→ Exercise details
Where an image appears in the data, omit it and reproduce the rest exactly.

→ Collected material
· · · ·

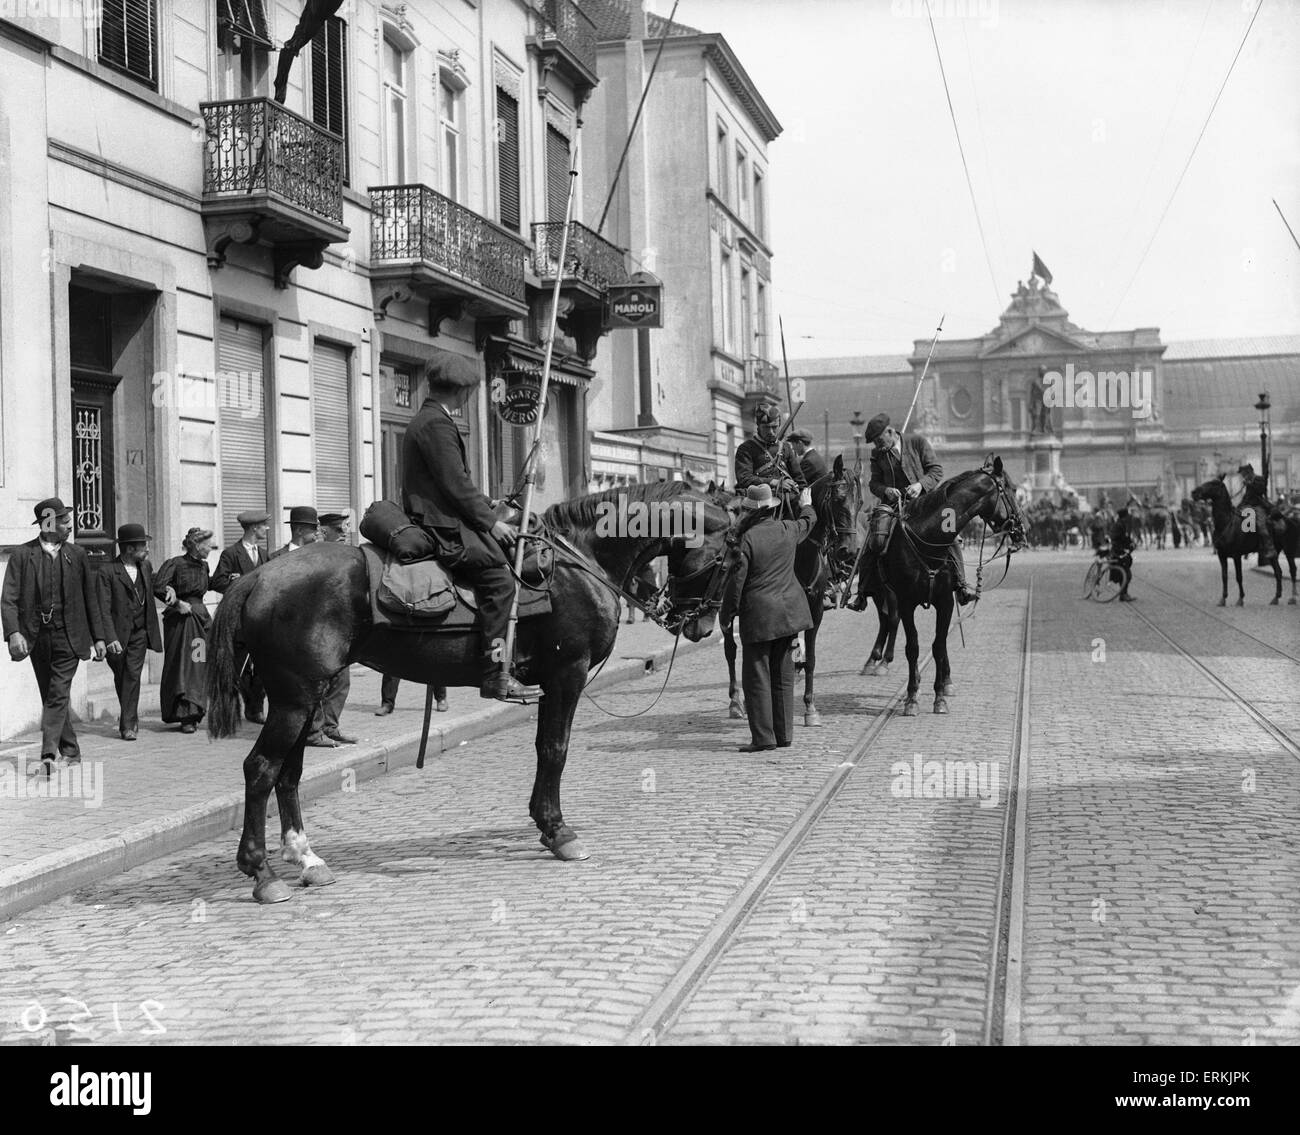 Civilian volunteers join Belgian lancers to stem the German army advance on Antwerp 22 August 1914 - Stock Image
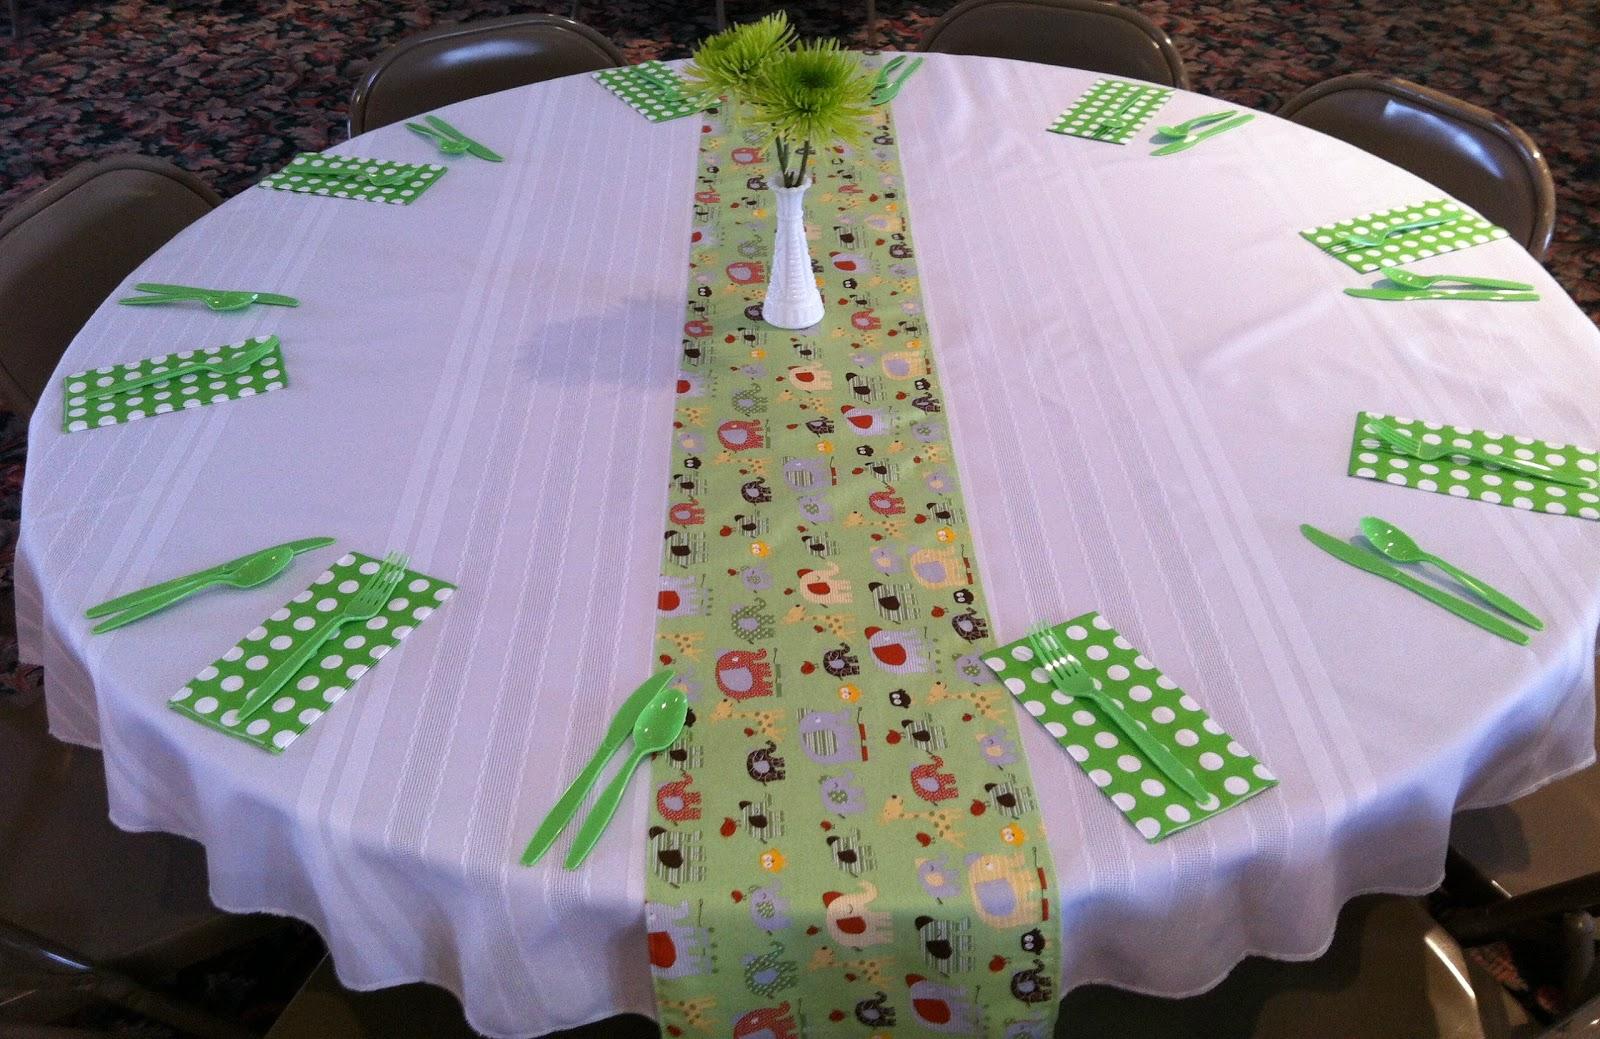 Baby Bear Necessities: Gender Neutral Baby Shower Decorations
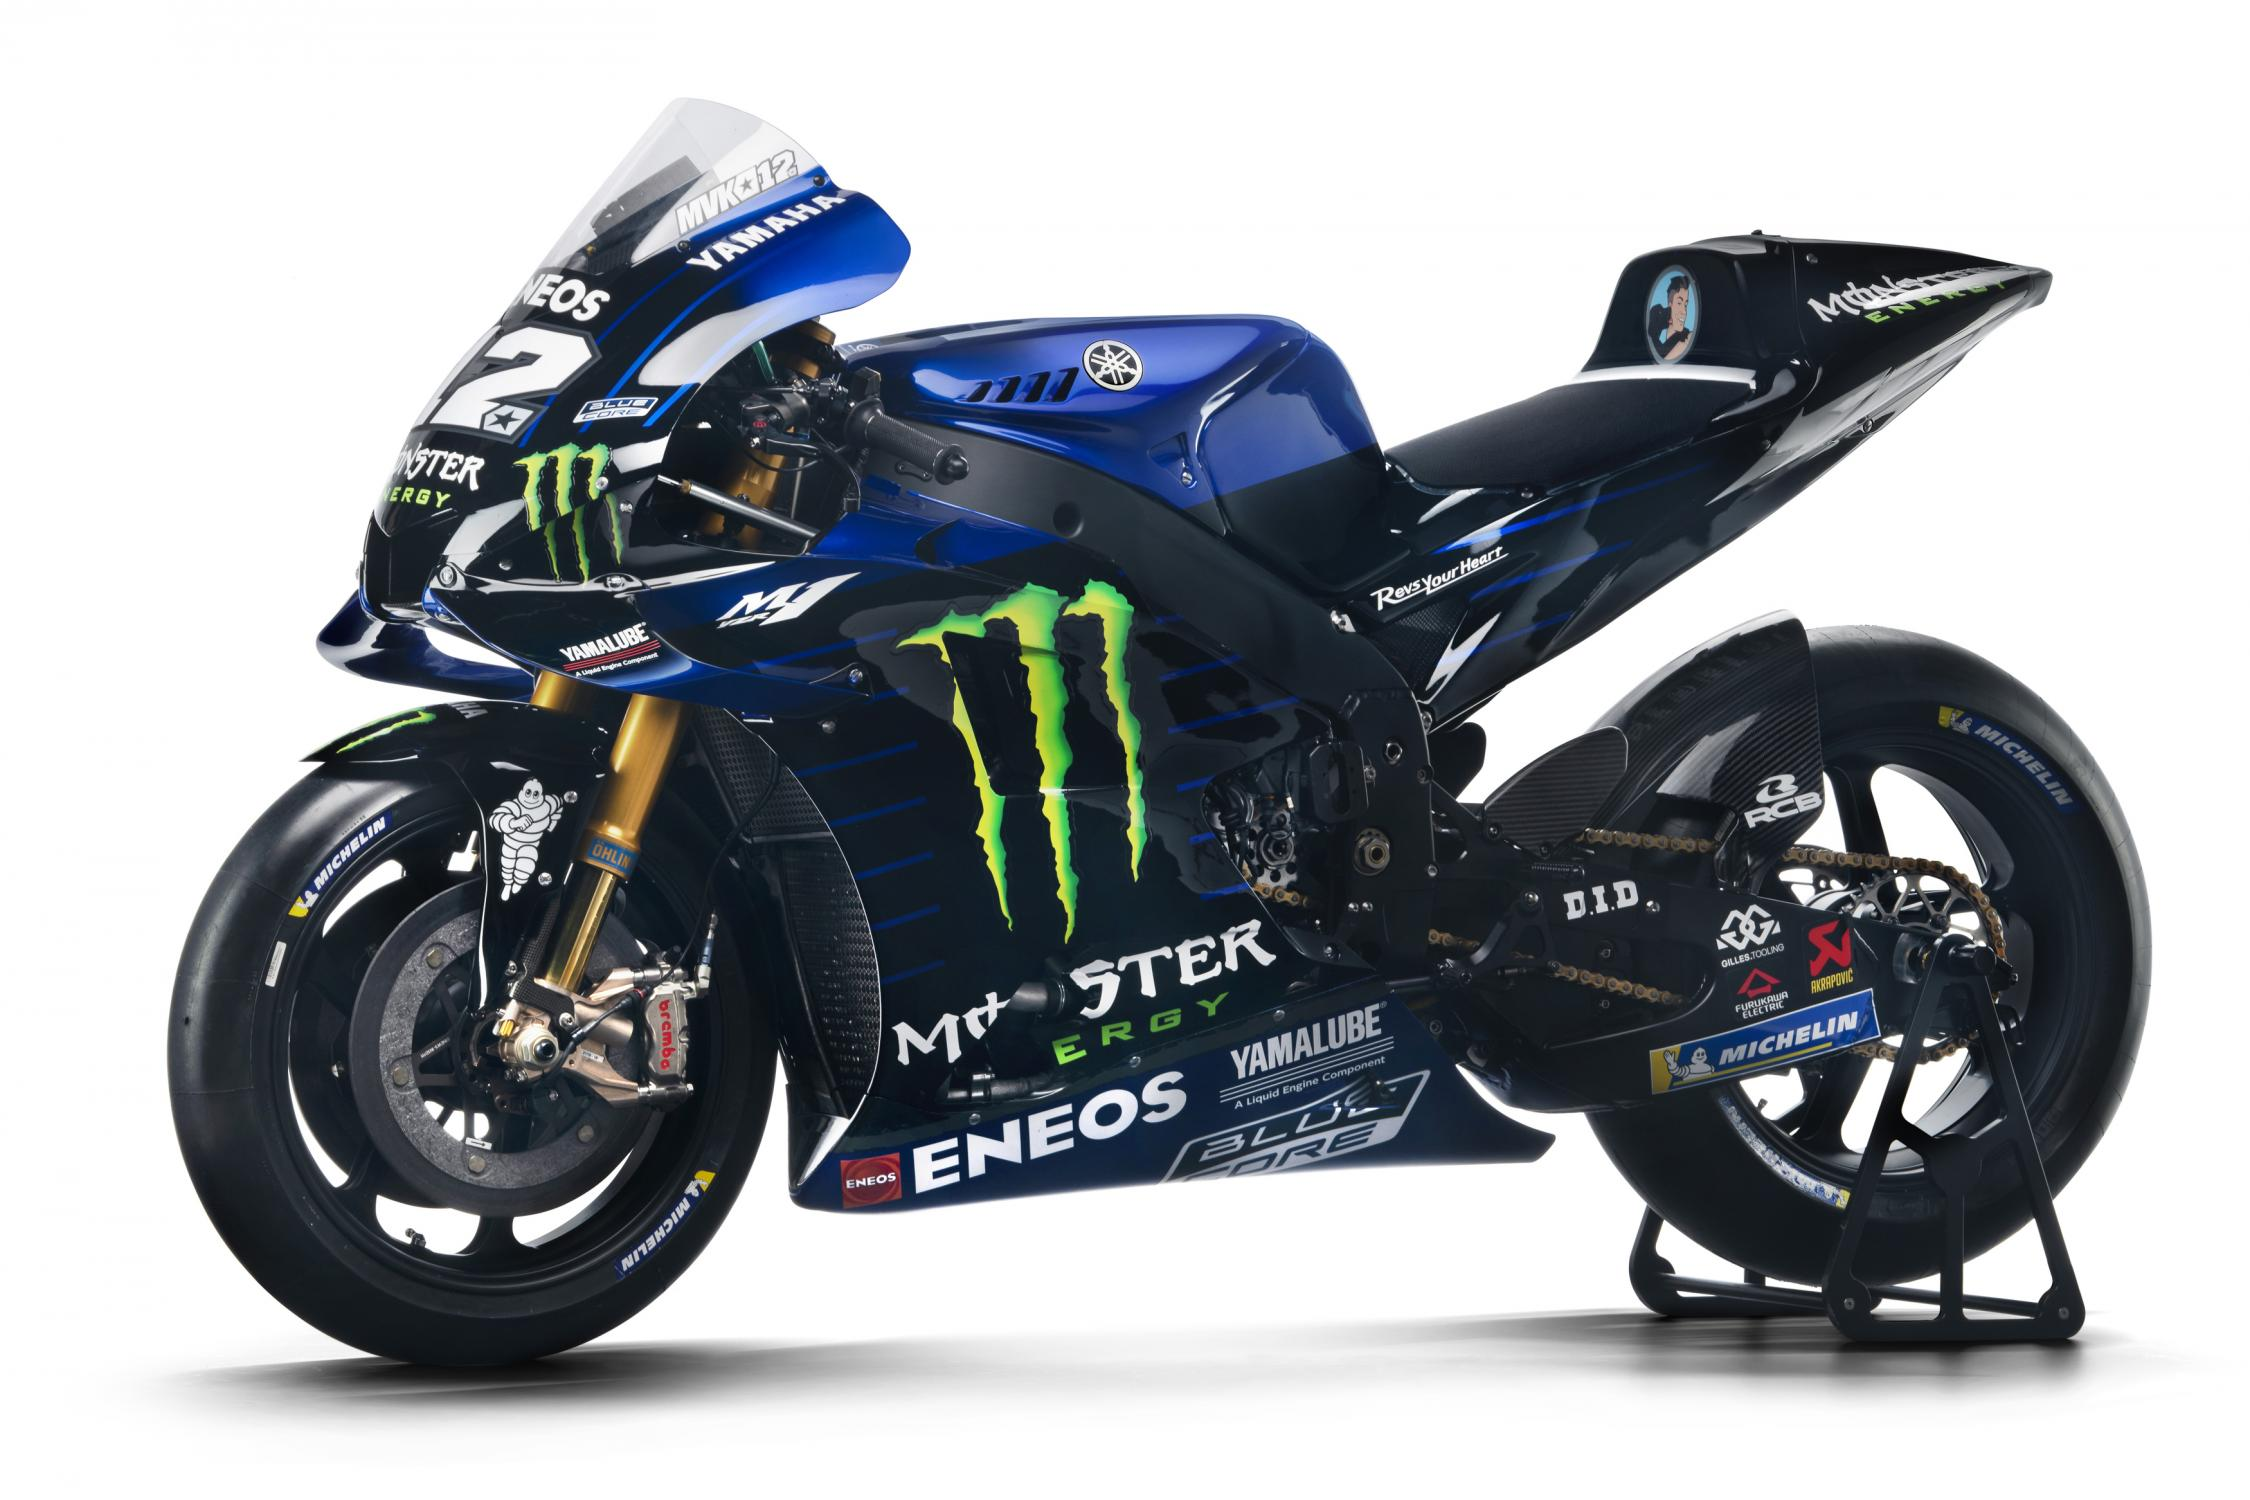 MotoGP 2019: Monster Energy Yamaha MotoGP 2019 Yamaha YZR-M1 Livery

· · · ·

→ Exercise result
 Civilian volunteers join Belgian lancers to stem the German army advance on Antwerp 22 August 1914 - Stock Image
 Baby Bear Necessities: Gender Neutral Baby Shower Decorations
 MotoGP 2019: Monster Energy Yamaha MotoGP 2019 Yamaha YZR-M1 Livery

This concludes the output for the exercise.